• **Work request**
Set down, exactly and with nothing added, the lines running from the one that holds "Grammofonplate i svart" to the final line of the records. Pictures stay out of the copy.

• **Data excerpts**

--- --- ---

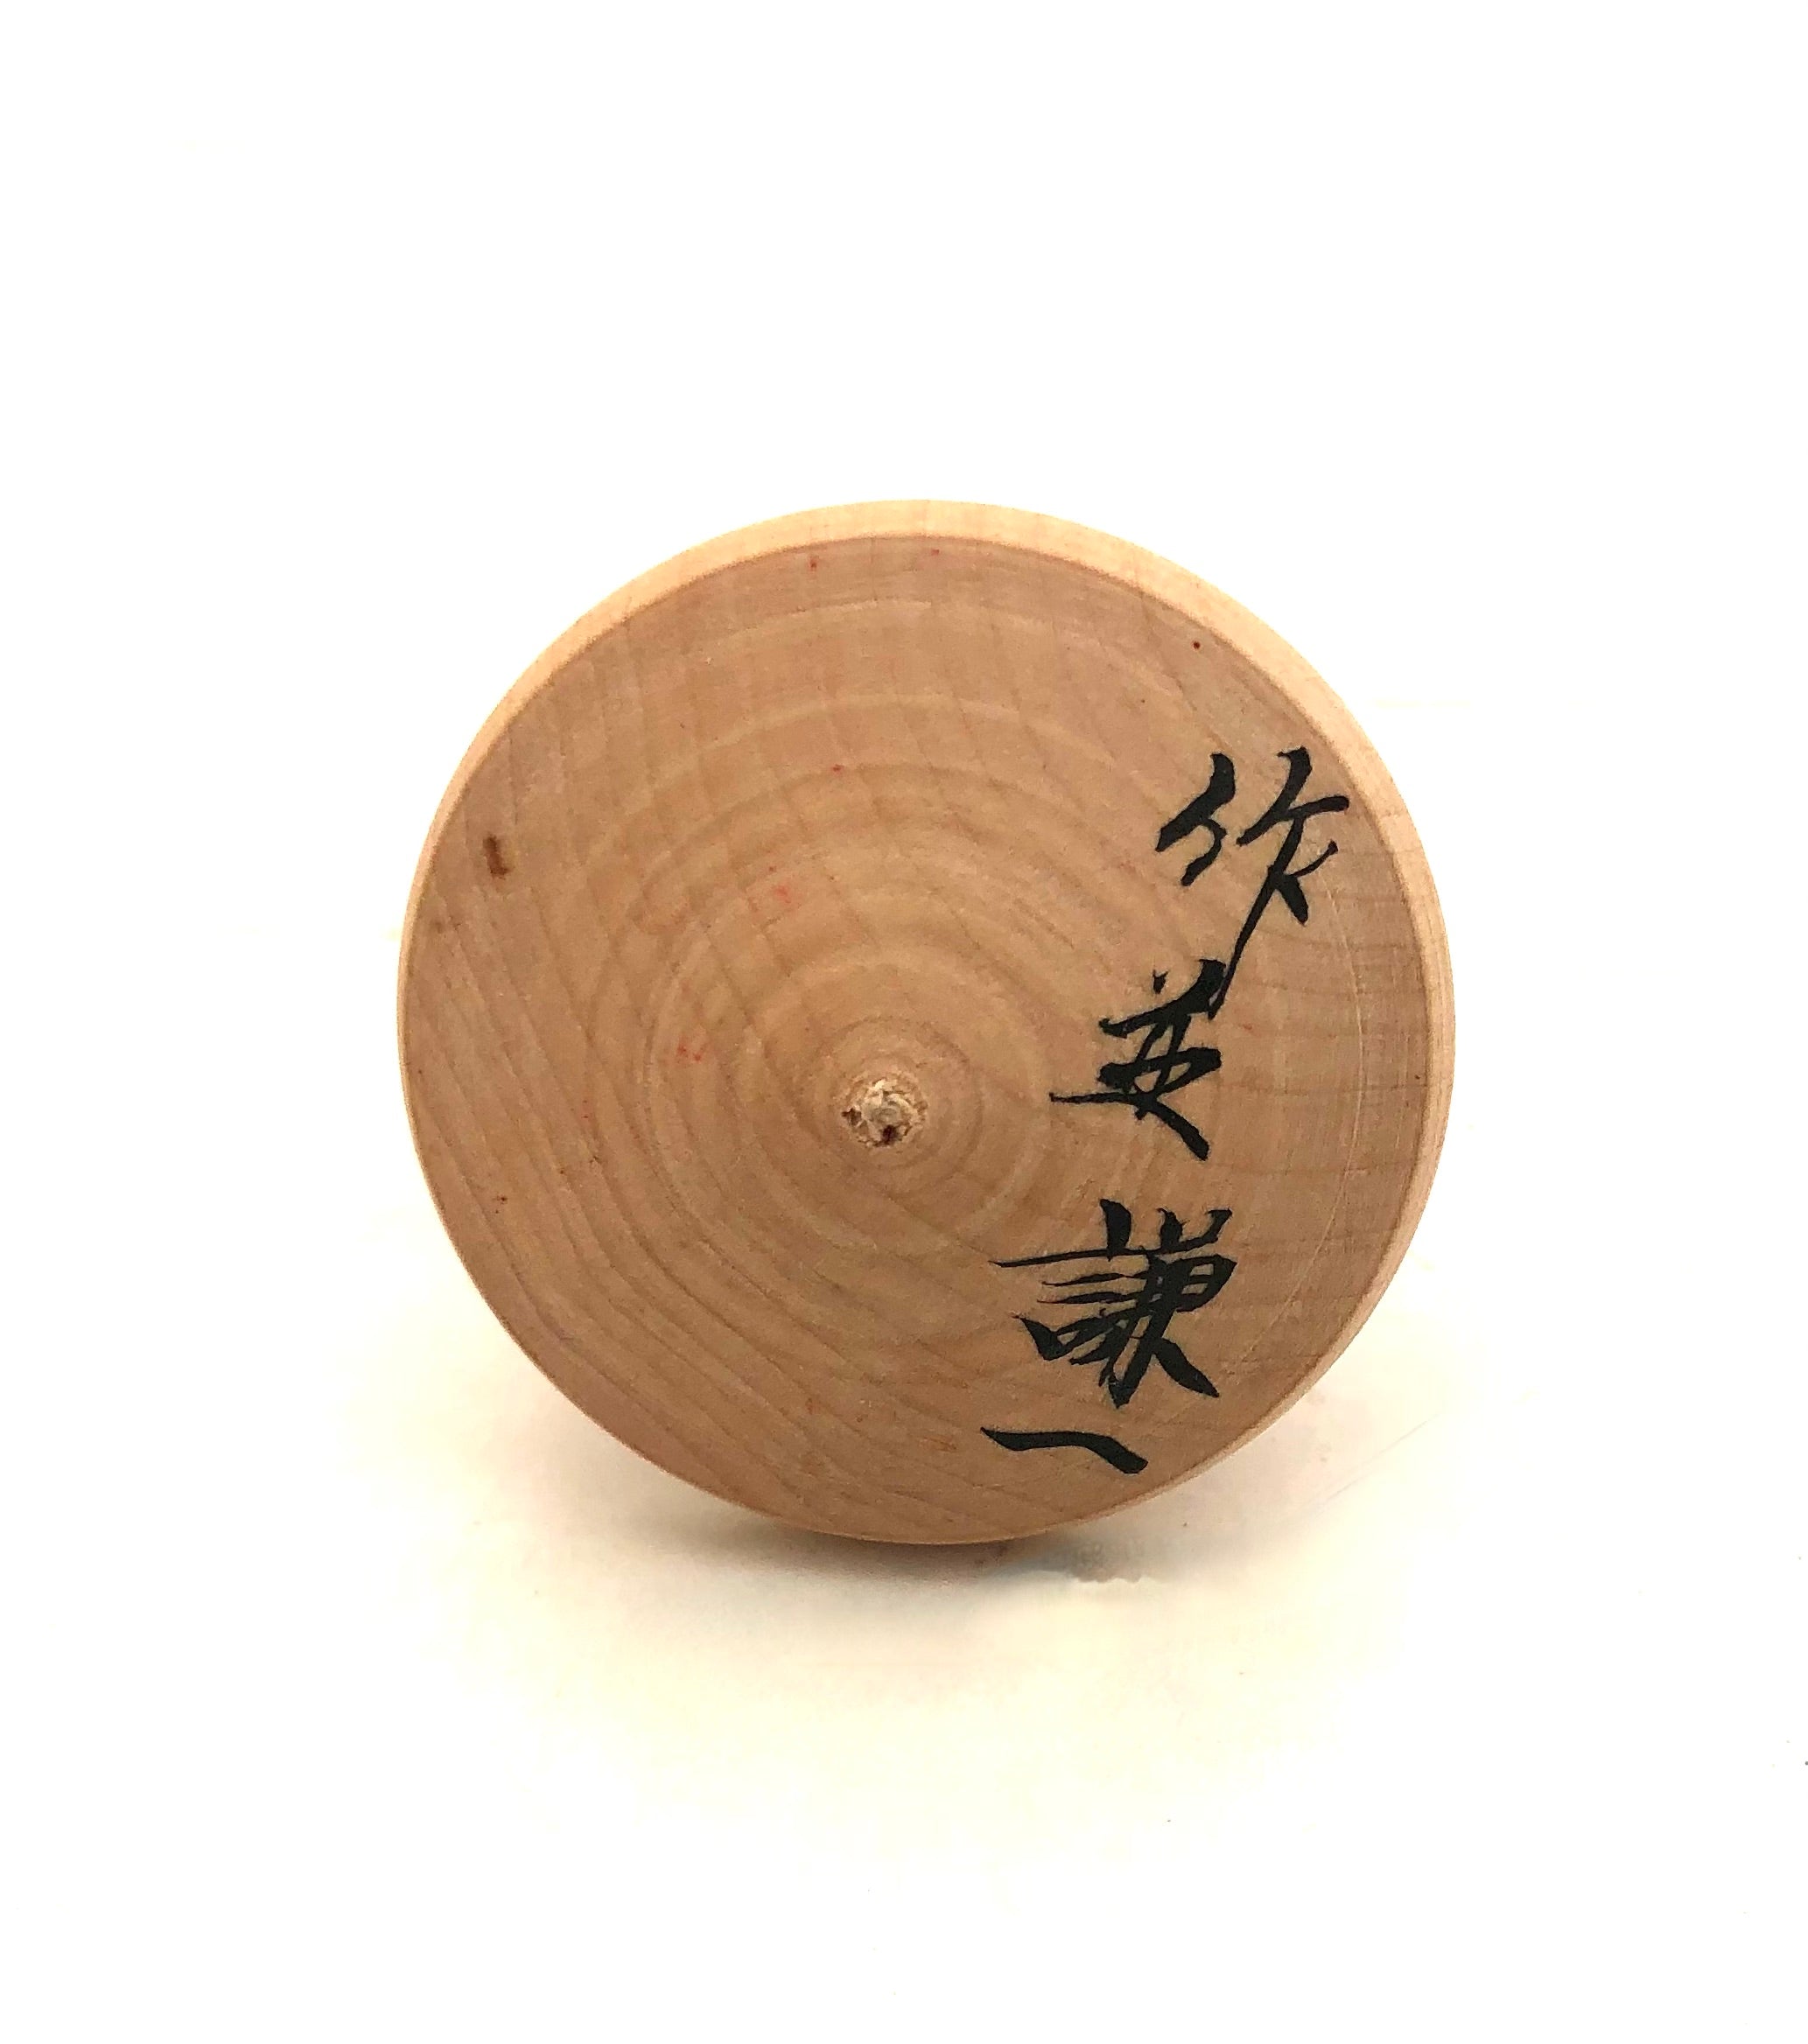 Vintage Japanese Miniature Traditional Kokeshi Sakunami Family Spinning Top (Koma) by Hiraga Kenichi
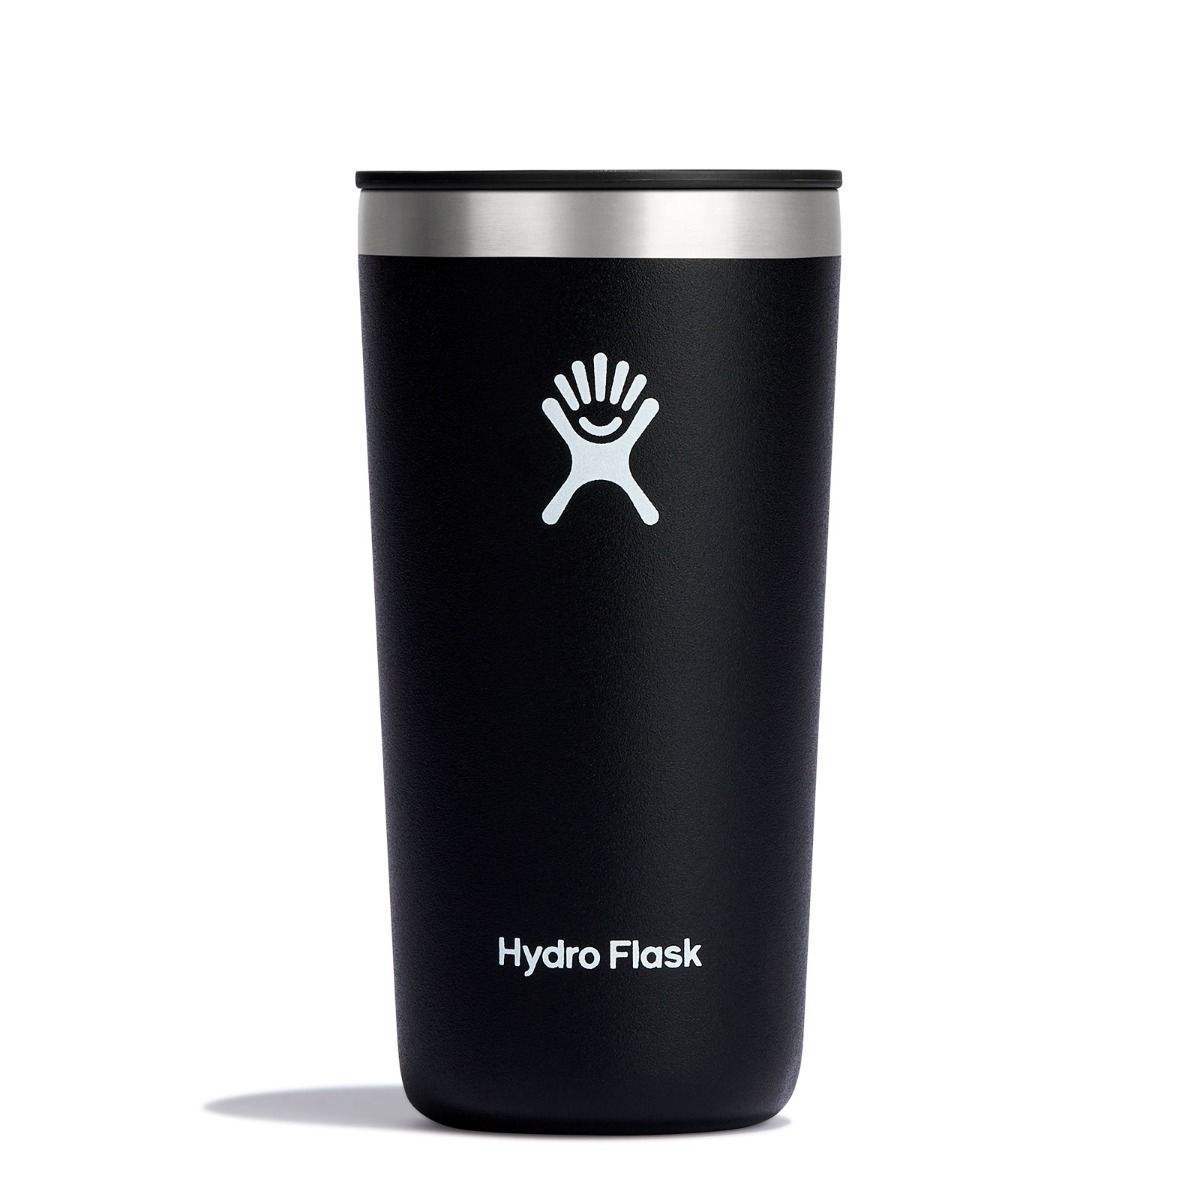 Hydro Flask 12oz Tumbler
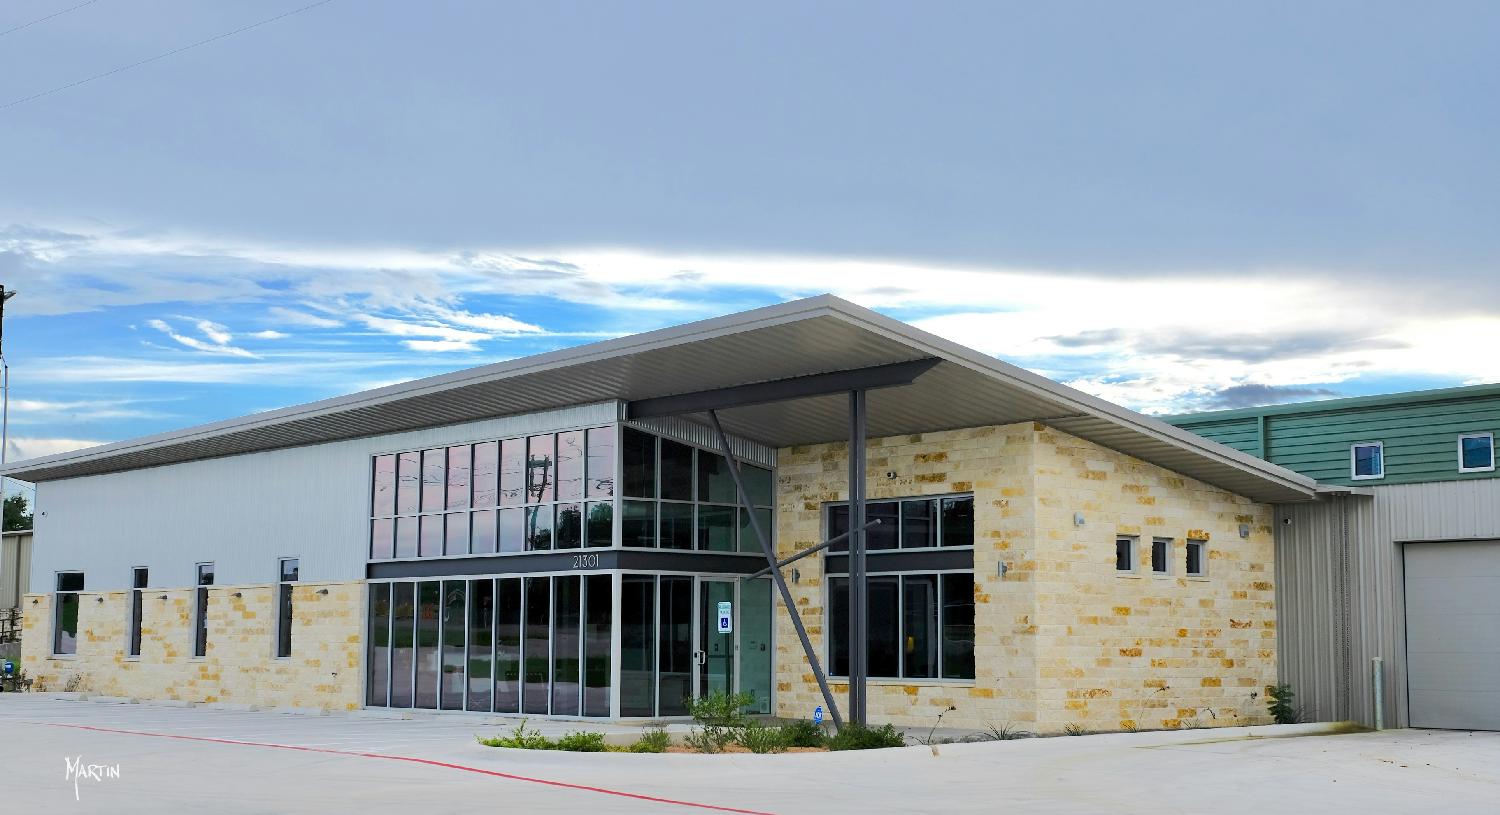 MCFI Headquarters located in Spicewood, TX
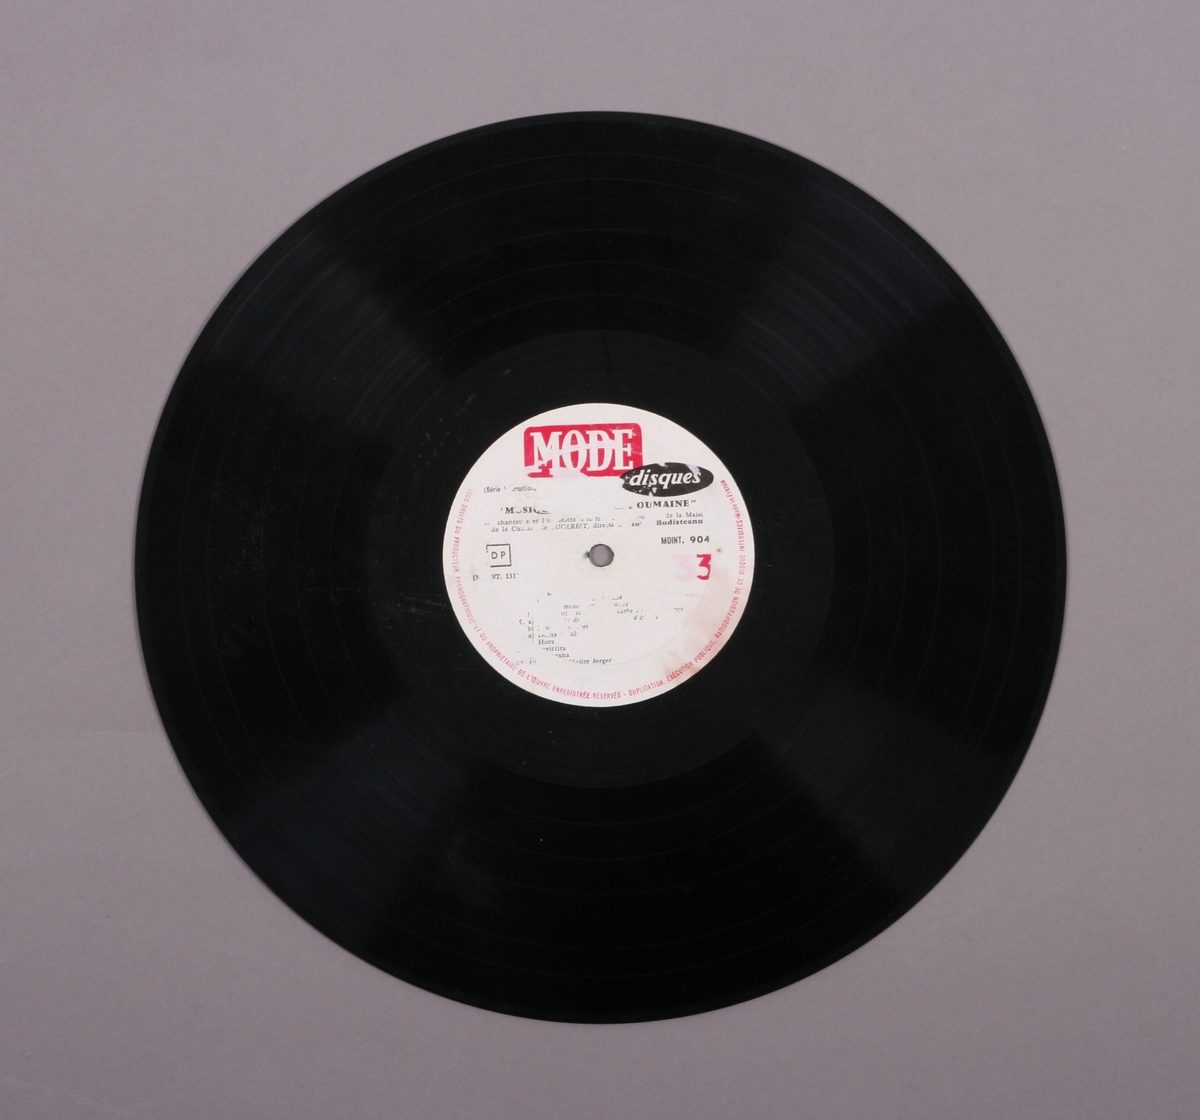 Grammofonplate i svart vinyl. Plata ligger i en uoriginal papirlomme med plastfôr merket "Angel Records".
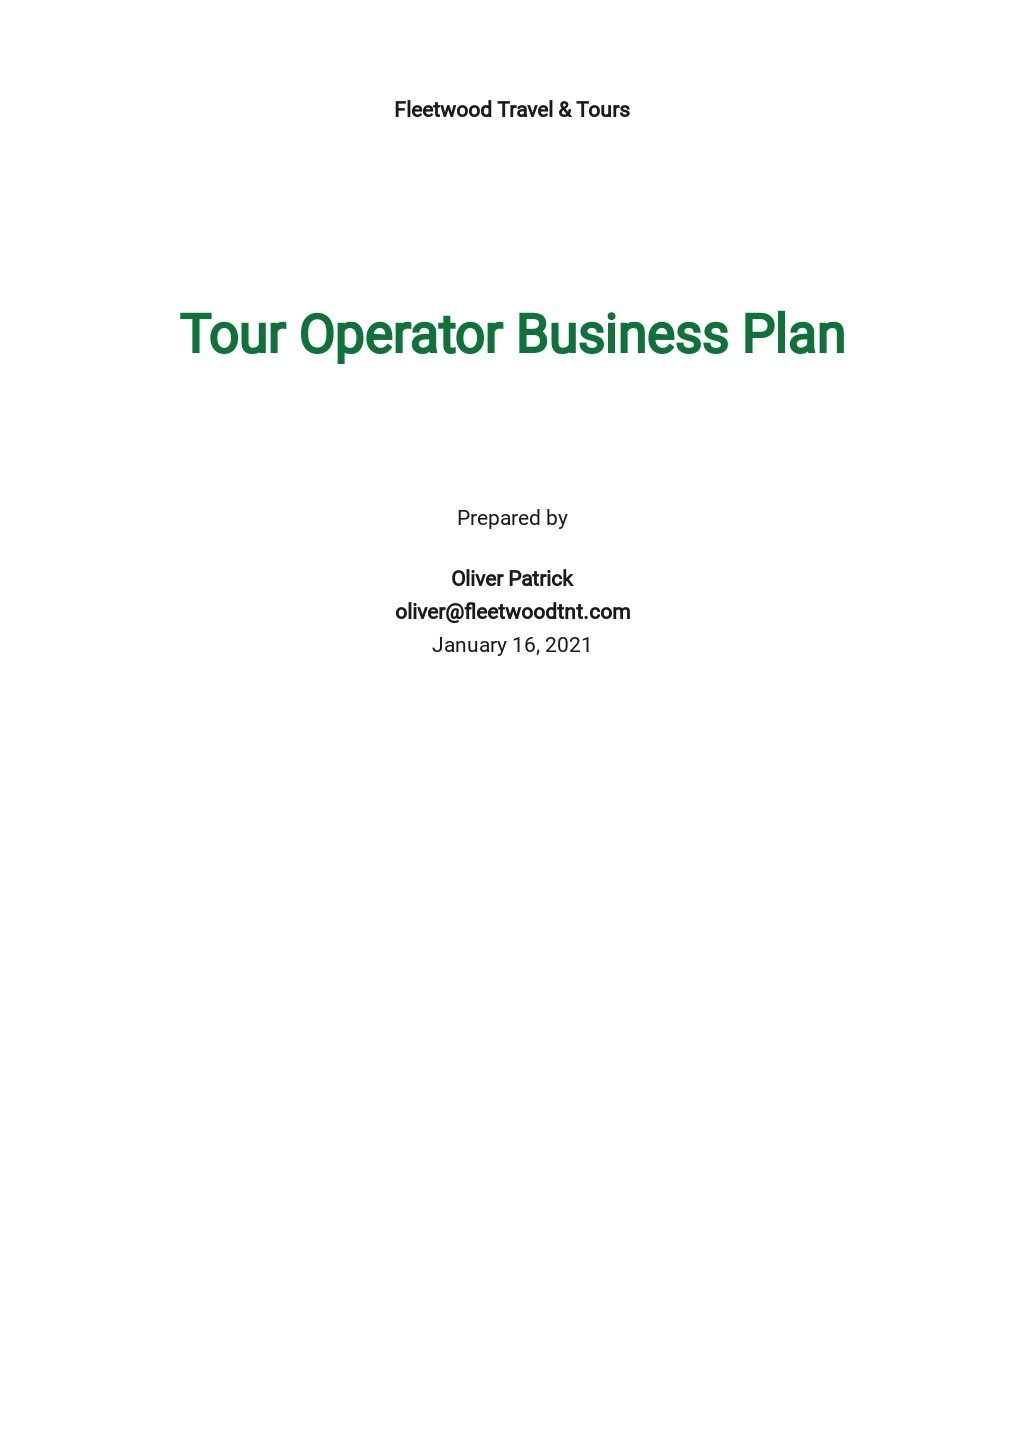 sample tour operator business plan pdf

--- --- ---

• **Answer space**
 Grammofonplate i svart vinyl. Plata ligger i en uoriginal papirlomme med plastfôr merket "Angel Records".
 sample tour operator business plan pdf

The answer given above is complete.